== Given data ==
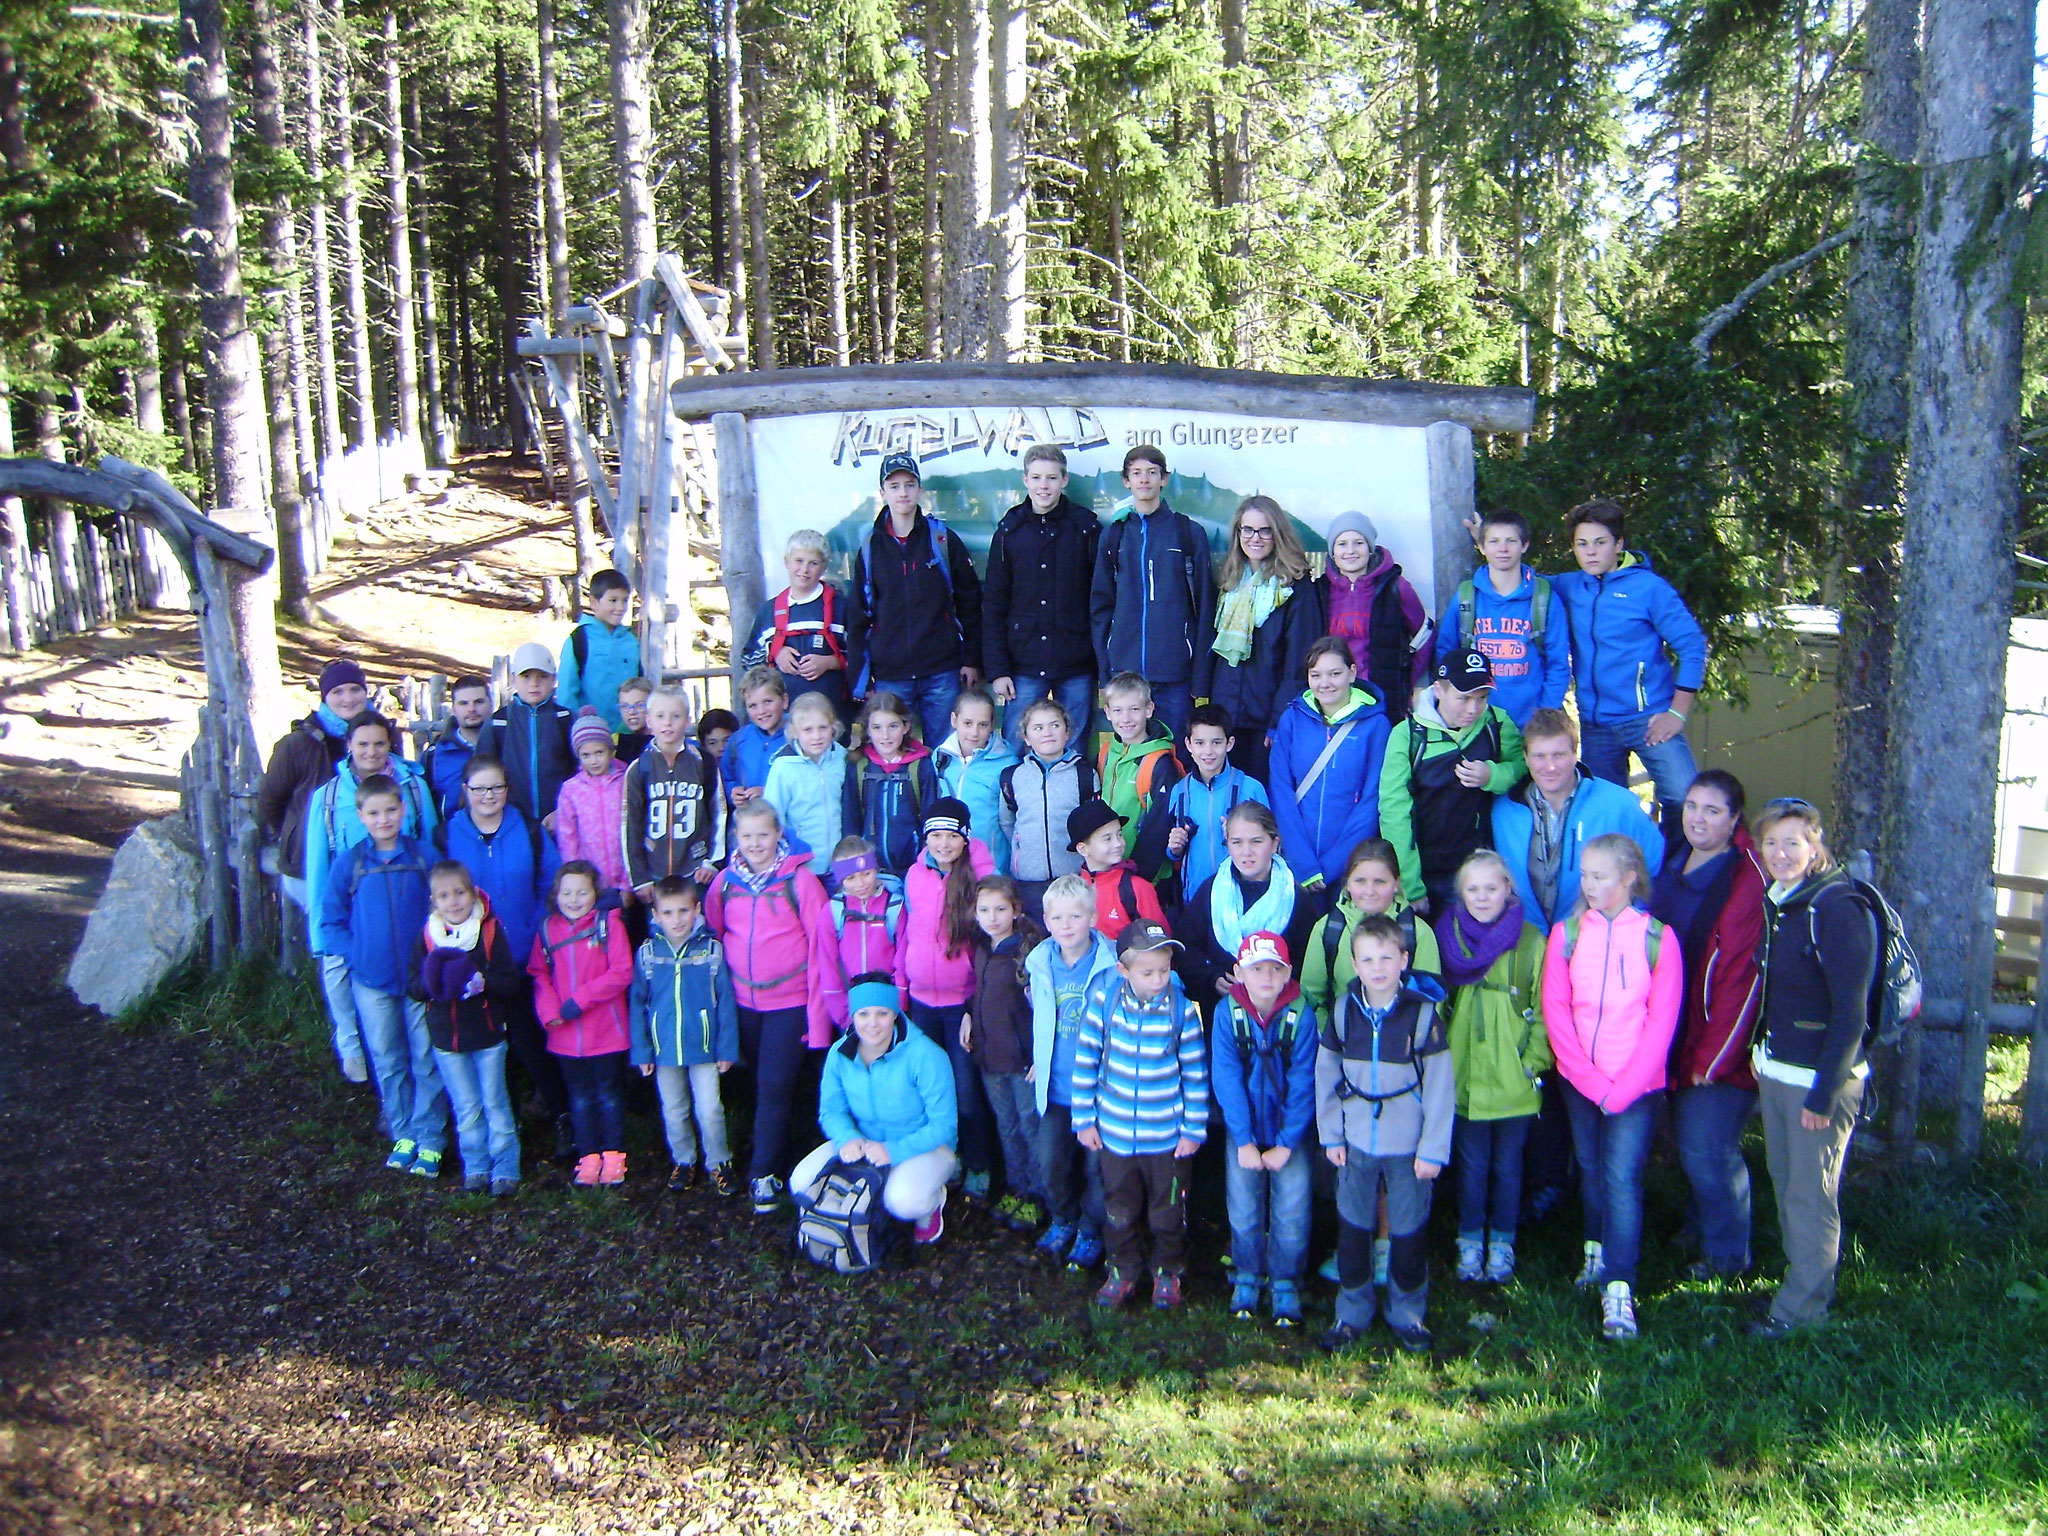 Ausflug der Hirschbergler Jugendgruppe
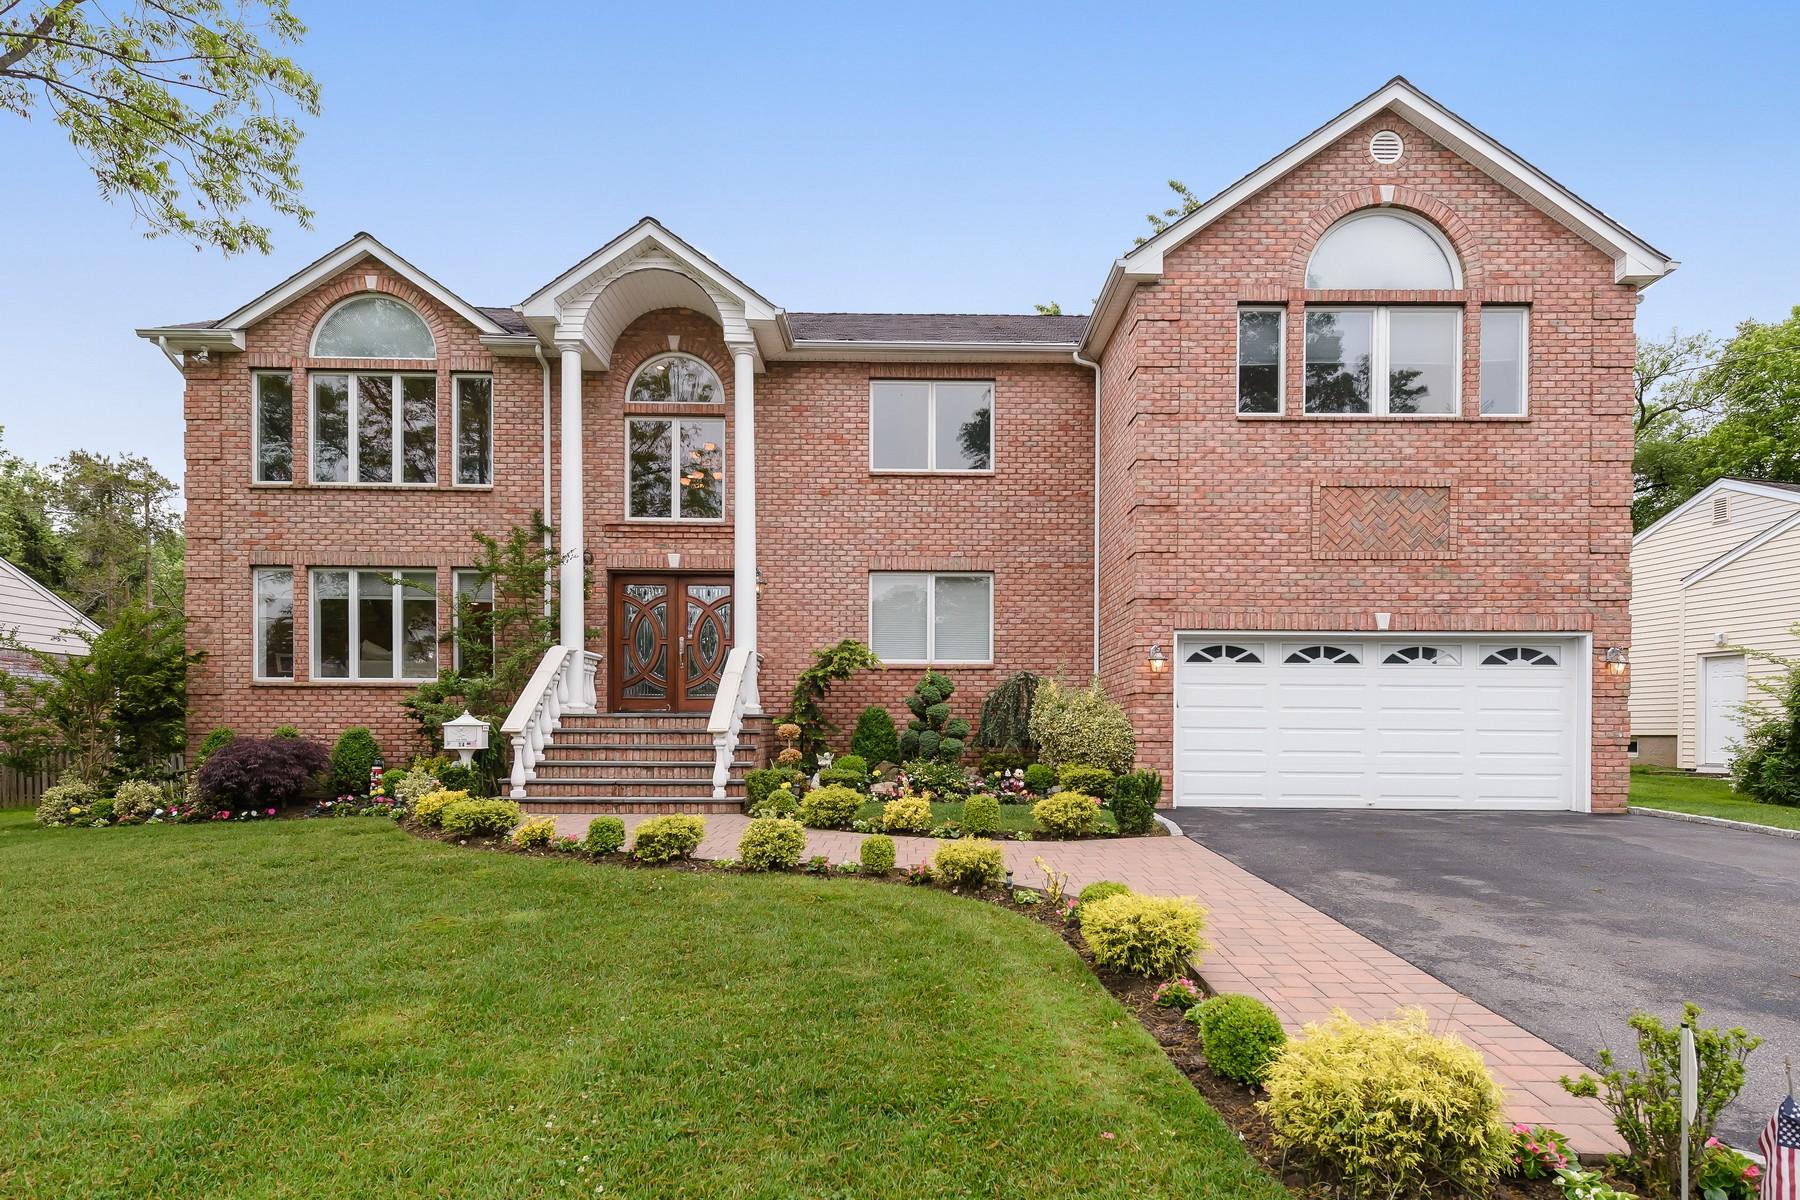 Single Family Home for Sale at 14 Capri Dr 14 Capri Dr Roslyn, New York, 11576 United States
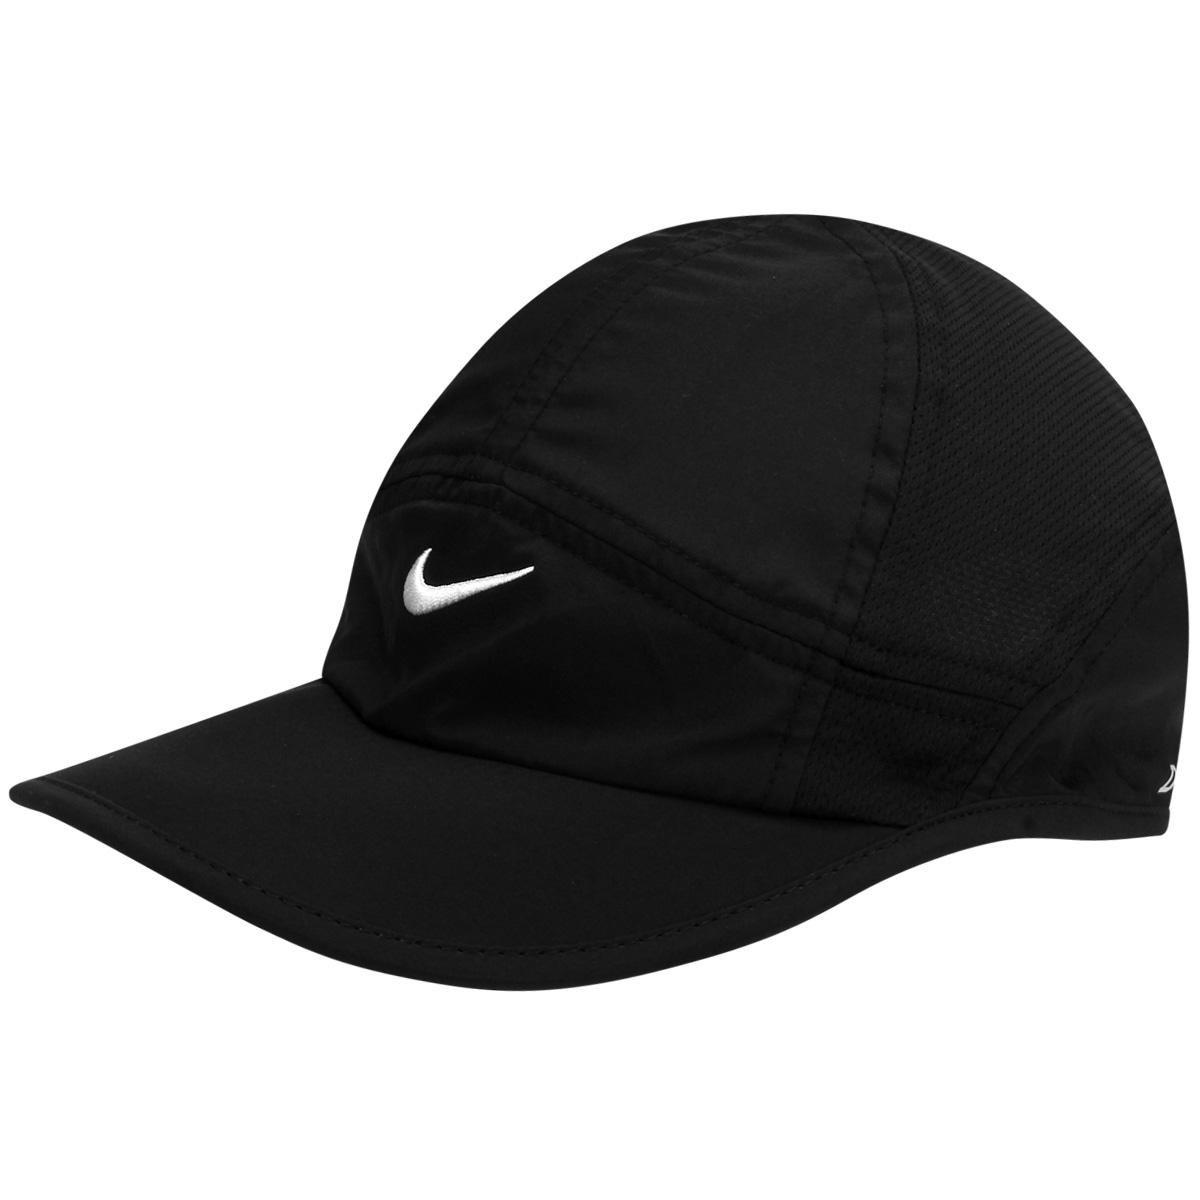 Boné Nike Featherlight 2.0 - Compre Agora  4003c5935c9
===
▶ _Aim of the exercise_: Please transcribe the lines from the one containing "Single Family Home" to the last line of the listing, both included, exactly and with nothing added, leaving every picture out.

▶ _Written answer_:
 Single Family Home for Sale at 14 Capri Dr 14 Capri Dr Roslyn, New York, 11576 United States
 Boné Nike Featherlight 2.0 - Compre Agora  4003c5935c9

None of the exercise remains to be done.